5. Variierende Belastung
Neue und unterschiedliche Reize lösen neue Anpassungsprozesse aus. Daher ist Variation im Training für eine bessere Leistung zentral. Ungewohnte und abwechselnde Belastungen sind aber nicht nur aus physischer Sicht wichtig, sondern wirken sich auch positiv auf die Psyche und die Motivation aus. So können zum Beispiel Variation in der Geschwindigkeit, Trainieren mit Zusatzlasten oder -geräten, das Wechseln der Laufroute, ein Workout mit TrainingspartnerInnen oder kürzere Pausen zwischen den Einheiten Abwechslung bringen.
6. Wiederholung und Kontinuität
Ein einzelnes Training macht noch keine WeltmeisterInnen! Nur wer regelmässig über einen längeren Zeitraum trainiert, kann erfolgreich sein. Die Anpassung der Funktionssysteme verläuft dabei unterschiedlich schnell: Metabolische (Stoffwechsel) und enzymatische Umstellungen setzen relativ schnell nach zwei bis drei Wochen ein. Bei strukturellen Änderungen dauert’s länger: Für Anpassungen der Muskulatur braucht es mindestens vier bis sechs Wochen regelmässiges Training, bei Sehnen und Bändern noch länger. Es ist also wichtig, die Belastung über die Dauer nicht zu stark zu steigern.

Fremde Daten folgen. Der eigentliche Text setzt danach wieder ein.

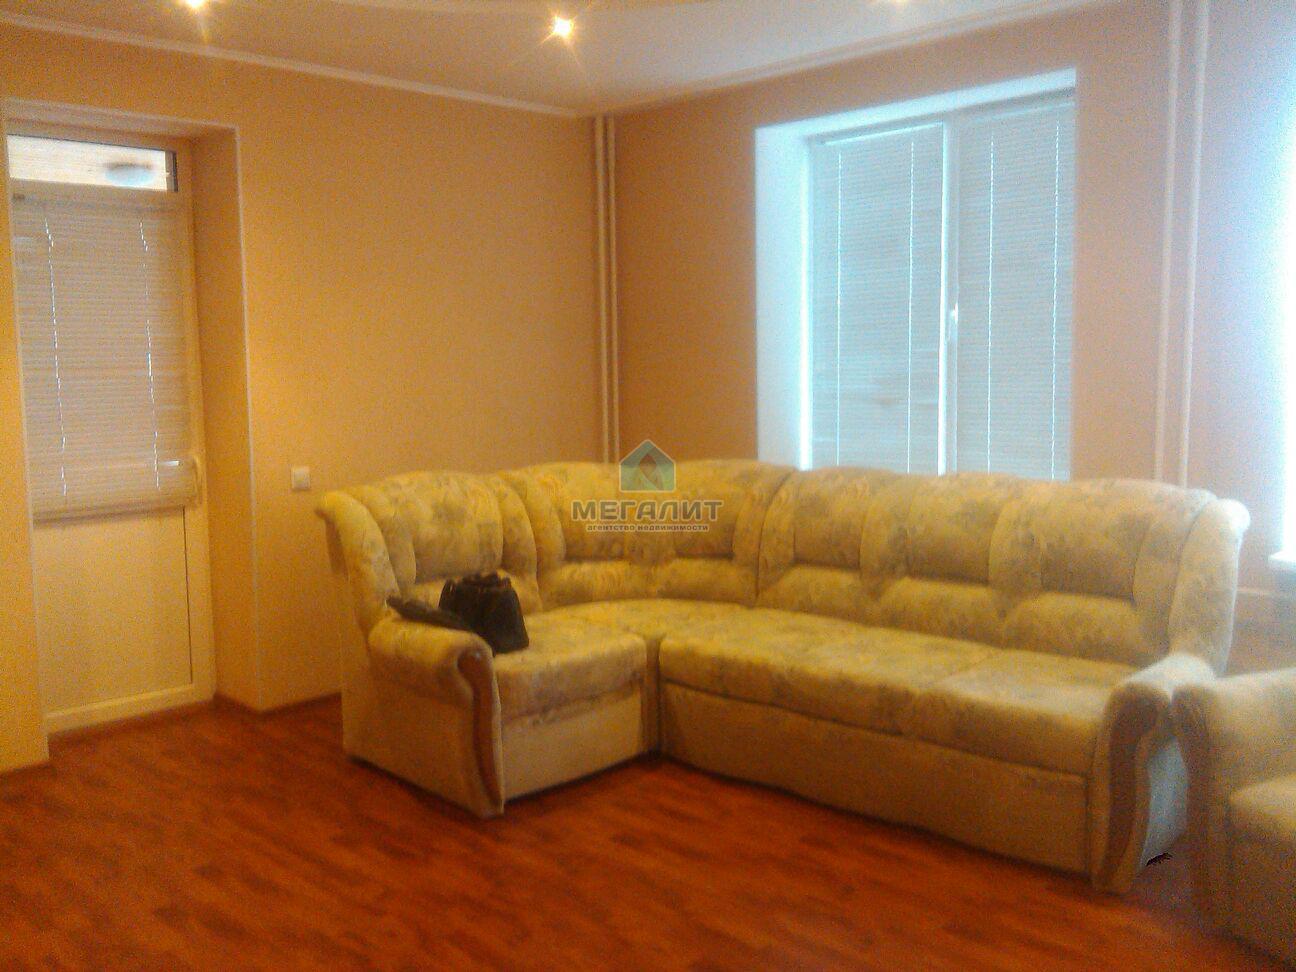 Аренда 2-к квартиры Фатыха Амирхана 12Е, 73 м²  (миниатюра №1)

7. Optimales Verhältnis von Belastung und Erholung
«Muskeln wachsen im Schlaf» pflegen KraftsportlerInnen zu sagen. Was sie damit meinen, ist nichts anderes als die Tatsache, dass Anpassungsprozesse nicht im Training, sondern in der Erholungsphase stattfinden. Um eine Leistungssteigerung zu erreichen und Überlastung zu vermeiden, benötigt der Körper ausreichend Erholungsphasen. Strukturen wie Muskulatur, Sehnen und Bänder brauchen Zeit für den Aufbau. Auch die Energiespeicher müssen wieder gefüllt werden.
Ist die Pause aber zu lang, kehrt das Leistungsniveau wieder zum Ausgangspunkt zurück. Ist sie zu kurz, kann es zu Überbelastungen kommen. Der Zeitraum für die «ideale Pause» ist schwierig zu bestimmen und individuell – doch eine Dauer von etwa 48 Stunden zwischen zwei gleichen Trainingseinheiten kann als Richtwert angenommen werden.